Front. Big Data , 04 February 2025

Sec. Data Mining and Management

Volume 8 - 2025 | https://doi.org/10.3389/fdata.2025.1563730

This article is part of the Research Topic Visualizing Big Culture and History Data View all 6 articles

Editorial: Visualizing big culture and history data

  • 1Center for Cultures and Technologies of Collecting, Department for Arts and Cultural Studies, University for Continuing Education, Krems, Austria
  • 2Visualization Research Center (VISUS), University of Stuttgart, Stuttgart, Germany
  • 3Junior Professorship for Digital Humanities, University of Jena, Jena, Germany

Editorial on the Research Topic
Visualizing big culture and history data

In recent years, the visualization of cultural and historical data has become a vibrant and innovative field of research. The expanding efforts of digitization by archives, museums, libraries, and other repositories of human knowledge have not only made vast amounts of cultural-historical data accessible but also demand scalable methods of analysis and representation. In this context, visualization emerges as a critical tool—for analysis, but also for generating new questions, fostering interdisciplinary collaboration, and engaging diverse audiences.

1 Rethinking visualization for cultural and historical data

Visualizing big, multi-sourced data of the past is not simply a technical challenge, it is an intellectual and interpretive one. While early efforts in digital humanities focused on digitizing and representing discrete collections, the growing complexity of the field manifests in projects going beyond individual datasets. Nowadays, scholars connect local case studies, create contextual linkages, and connect microhistorical details to macrohistorical frameworks, as seen in large-scale initiatives such as the European Data Space for Cultural Heritage and Europeana,1 the European Collaborative Cloud for Cultural Heritage,2 or the Time Machine Organization.3 These efforts herald what Kaplan and Di Lenardo (2020) refer to as a “4D mirror world,” a big data framework of the past, that maps the interconnected fabric of history through time and space.

Addressing related challenges is urgent for several reasons. First, the sheer scale, complexity, and richness of cultural data aggregations—from digitized manuscripts to gigapixel artworks—demand tools to navigate, explore, and interpret them effectively. Second, the datasets' multi-layered diversity—including textual, visual, relational, and geographical components—calls for interdisciplinary approaches integrating methods from the humanities, data science, and visualization. Third, historical data is often incomplete, ambiguous, or contested, reflecting the humanities' discursive and interpretive nature. Finally, visualization as a medium itself poses important questions: What does it mean to represent and interpret history visually? How do we balance clarity with complexity, precision with uncertainty, and the local with the global?

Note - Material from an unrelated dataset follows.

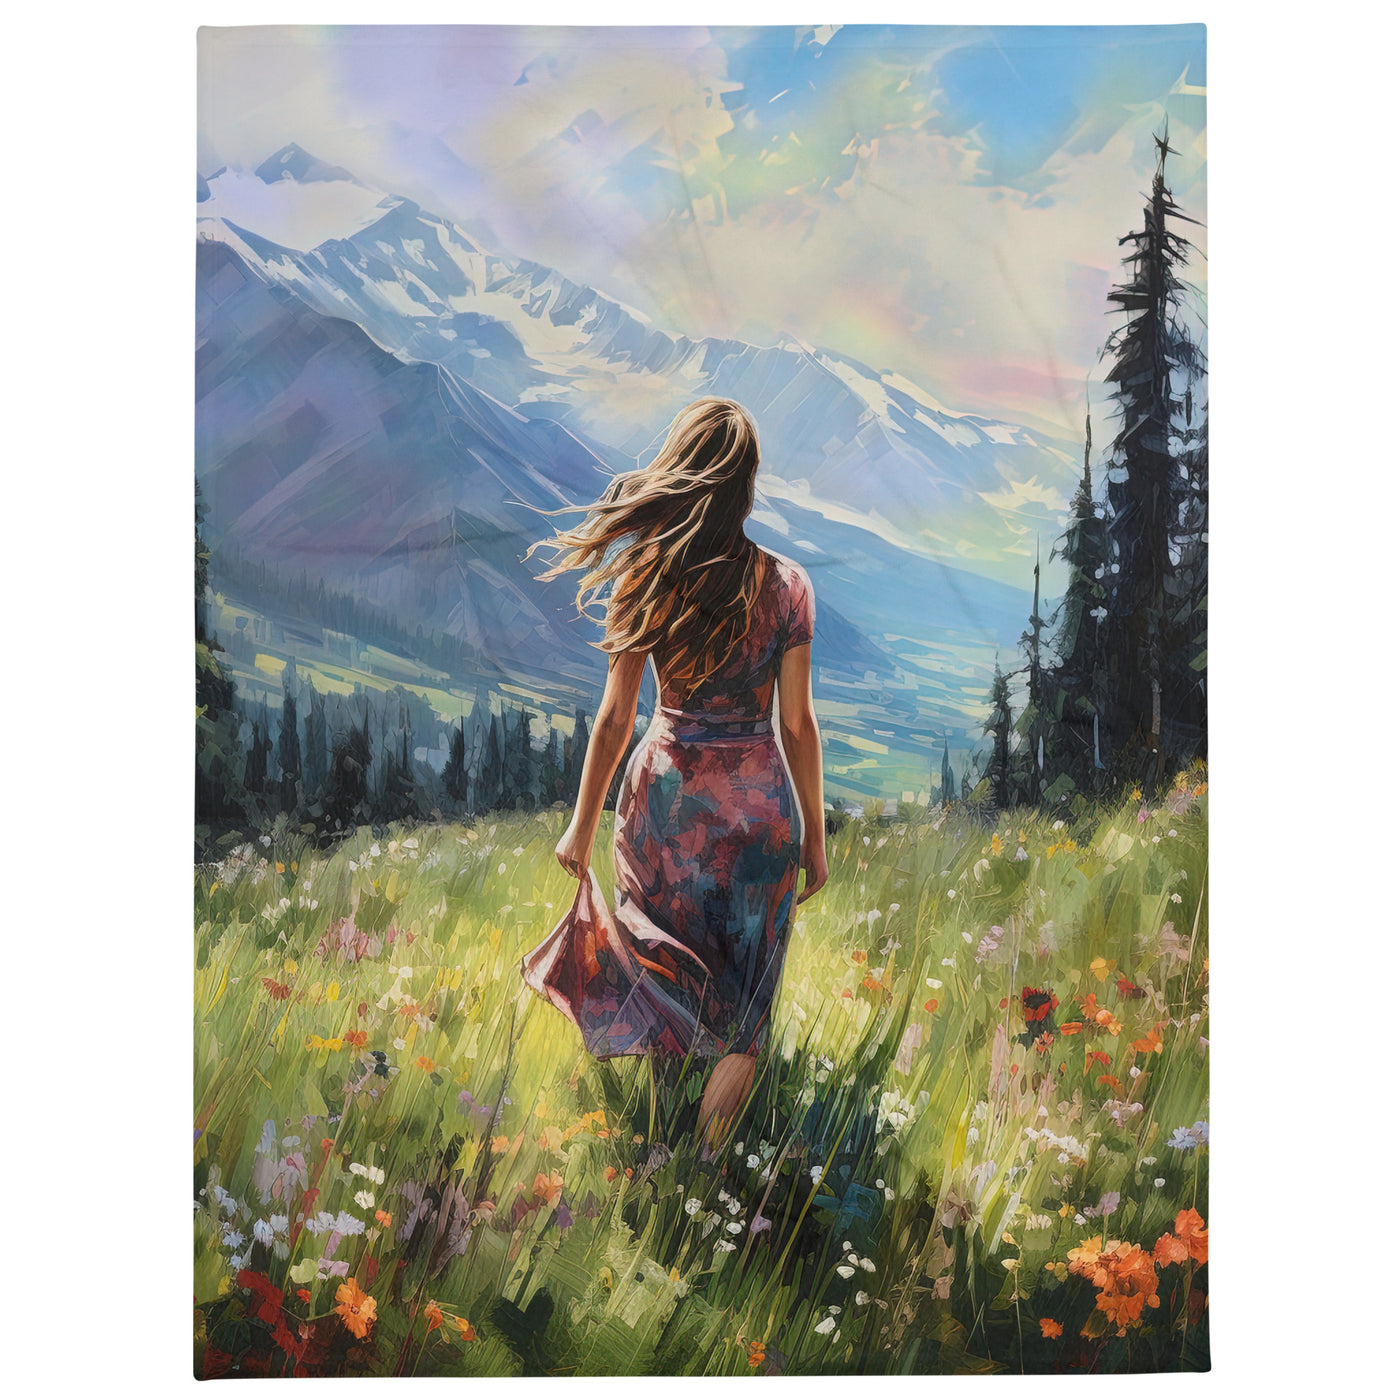 Frau mit langen Kleid im Feld mit Blumen - Berge im Hintergrund - Malerei - Überwurfdecke berge xxx 152.4 x 203.2 cm

The visualization of cultural and historical data also raises ethical questions. Visualizations are not neutral; they reflect the decisions, biases, and goals of both their creators and the initial data collectors. They foreground certain perspectives and narratives, obscuring others, and play a major role in shaping how audiences (scholars, students, and the public) engage with the past. This makes visualization design not just a technical endeavor but also a deeply critical and reflective one.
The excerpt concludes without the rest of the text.